→ **Try it**:
Repeat each line of the data below exactly, but skip the pictures.

→ **Source material**:
- - -

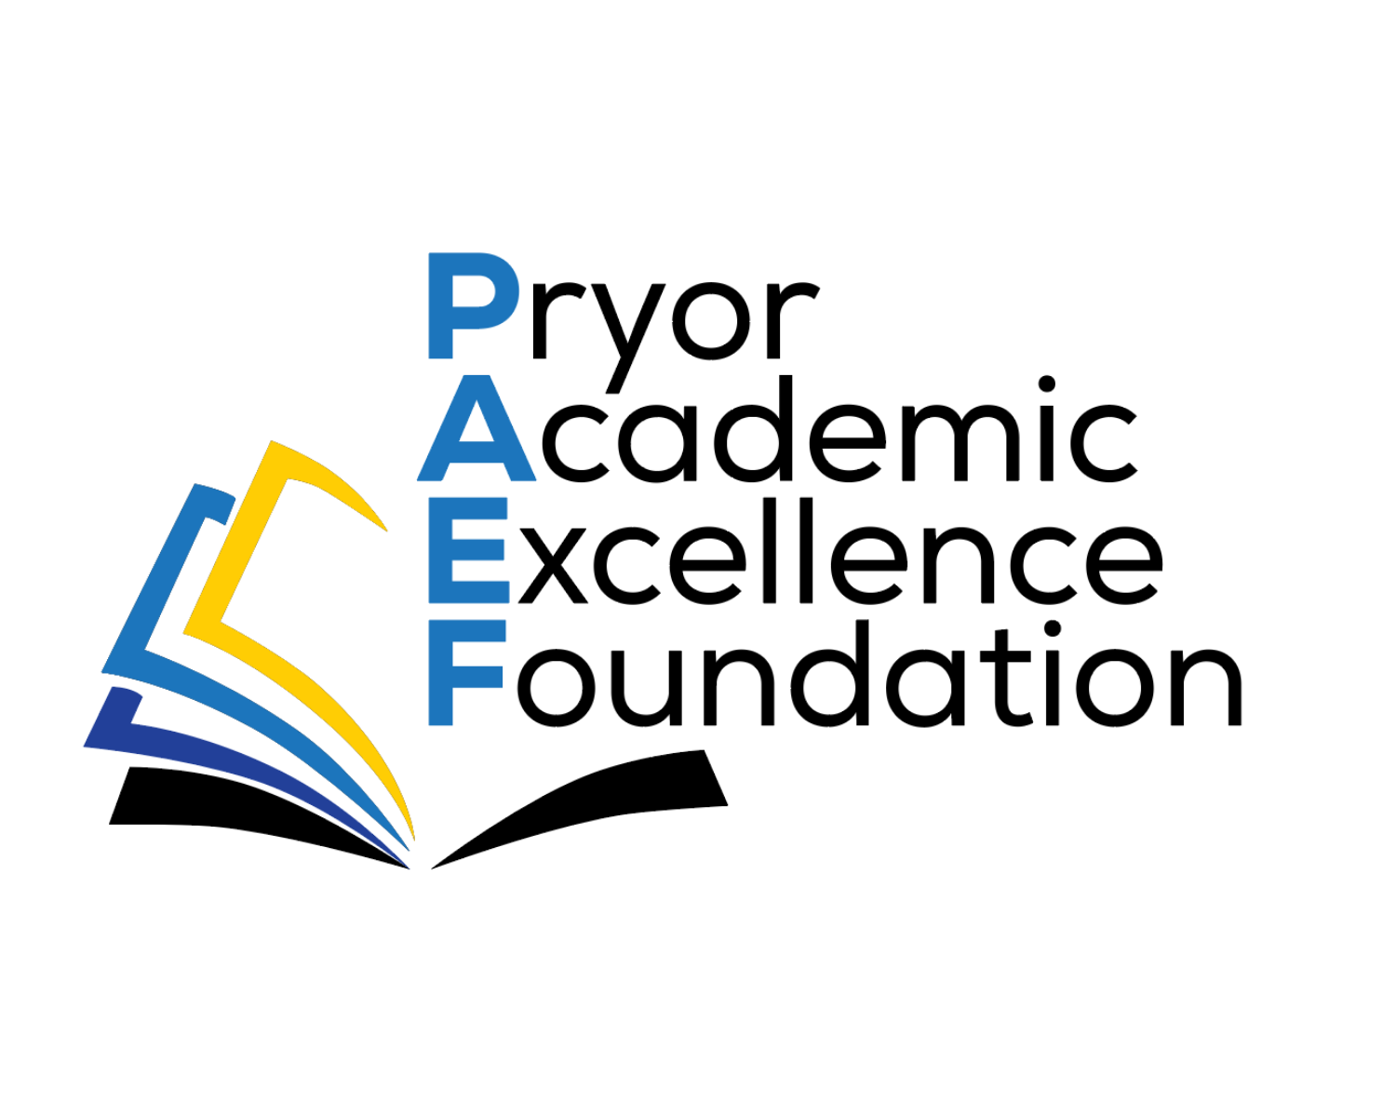 PAEF Grants for Pryor Public School Teachers Total Over $1.2 Million
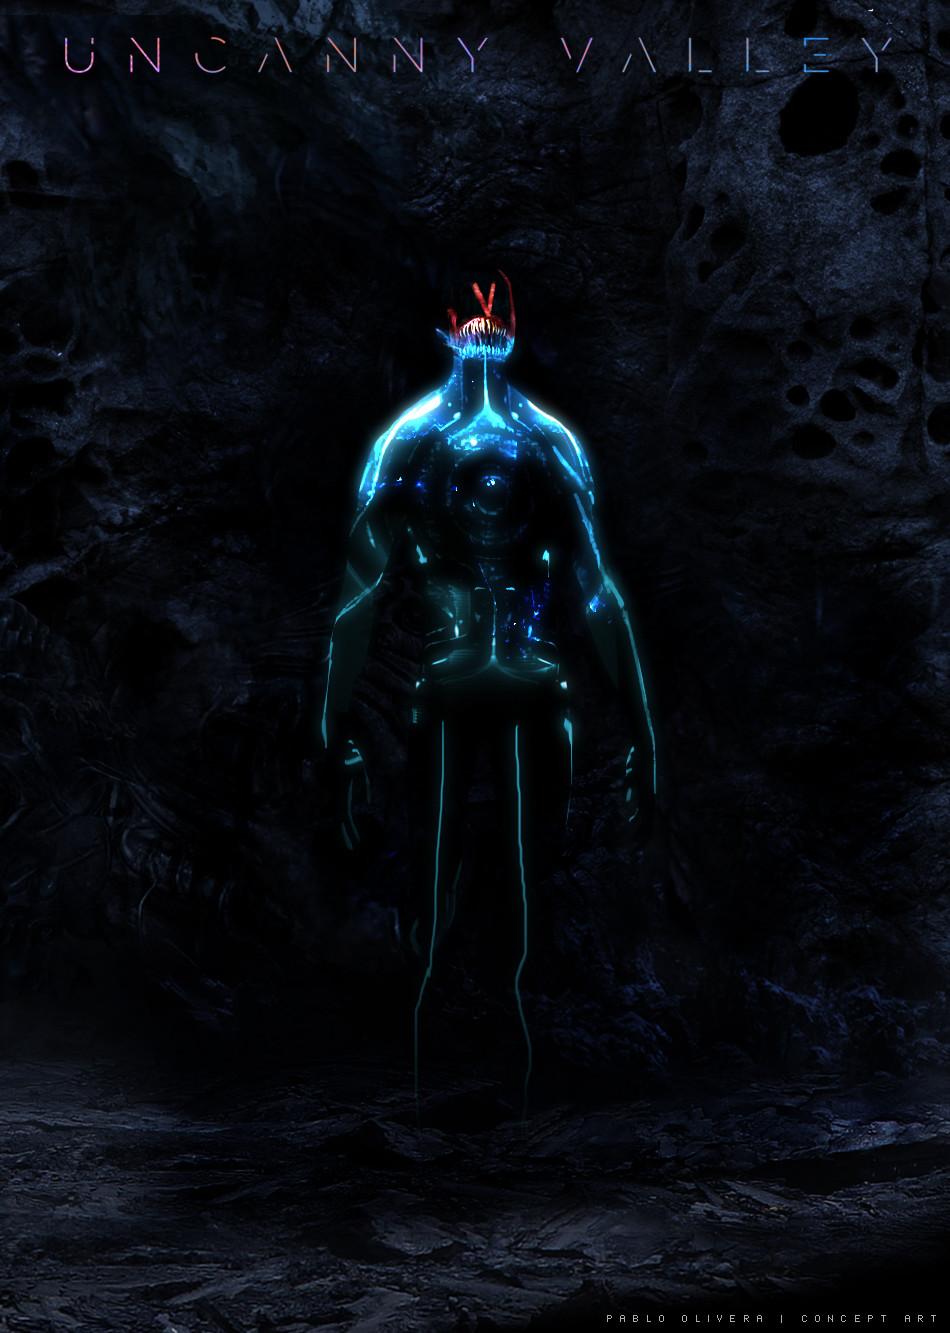 Pablo olivera uncanny valley character design alien 08
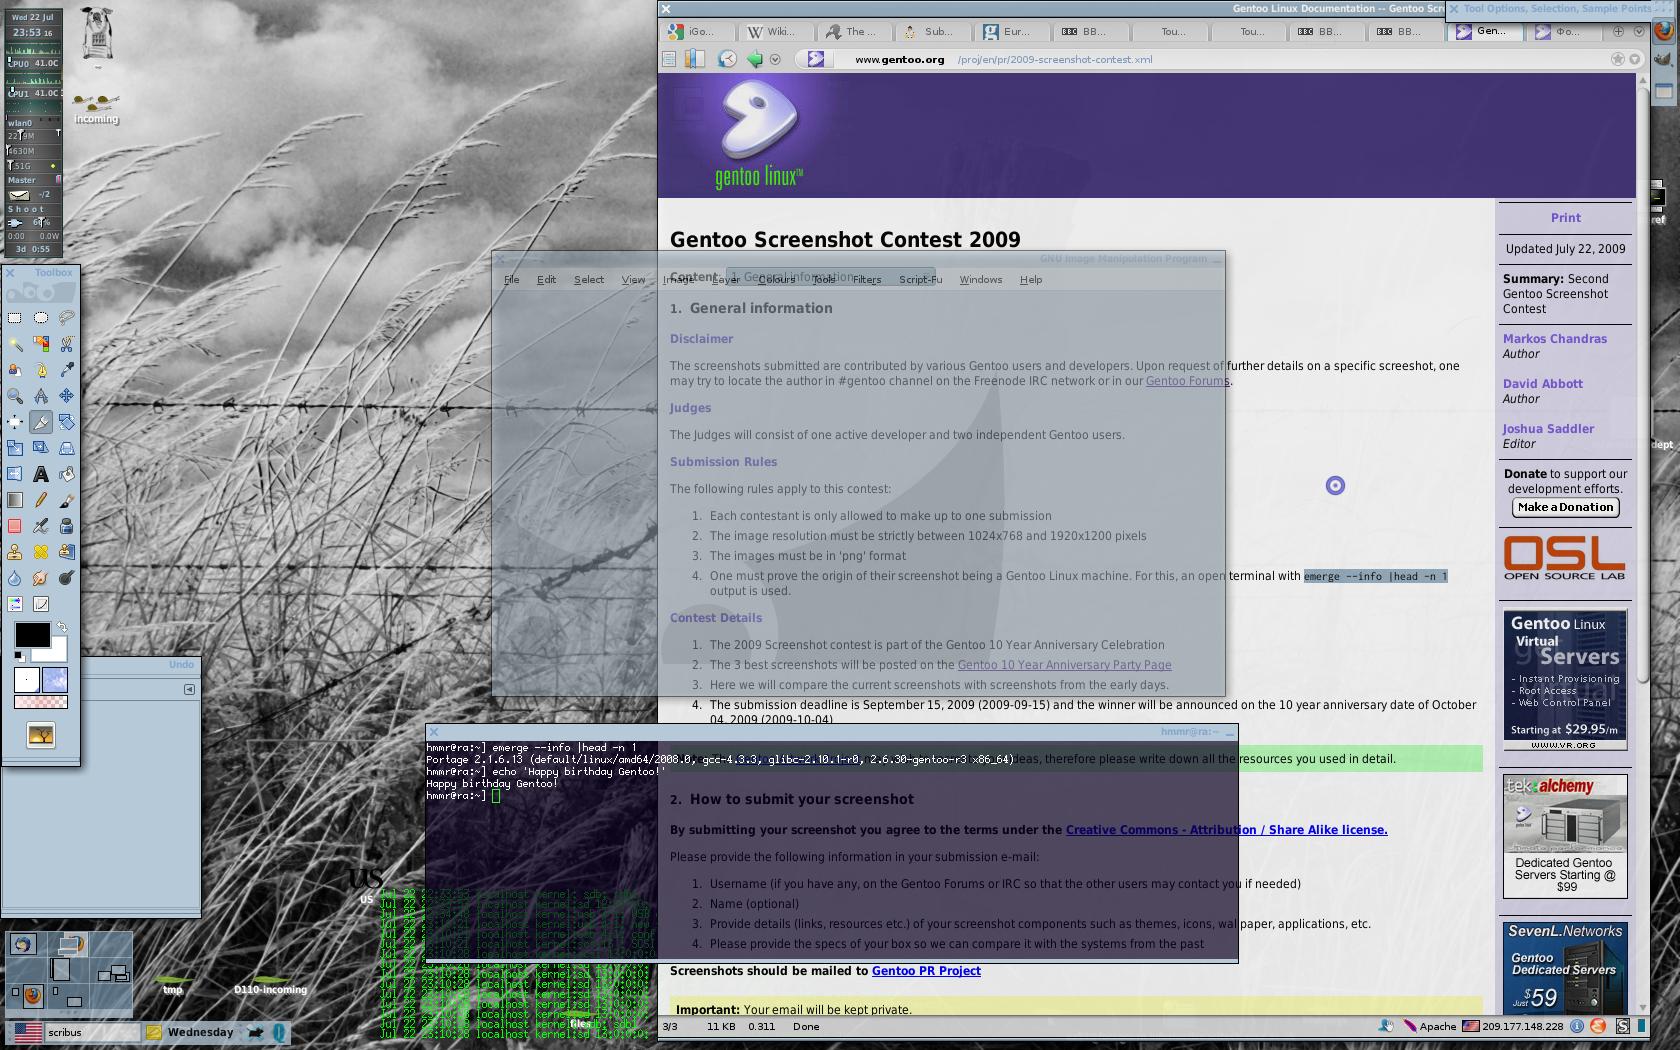 linux administration handbook pdf free download

- - -

→ **Answer box**:
 PAEF Grants for Pryor Public School Teachers Total Over $1.2 Million
 Pablo olivera uncanny valley character design alien 08
 linux administration handbook pdf free download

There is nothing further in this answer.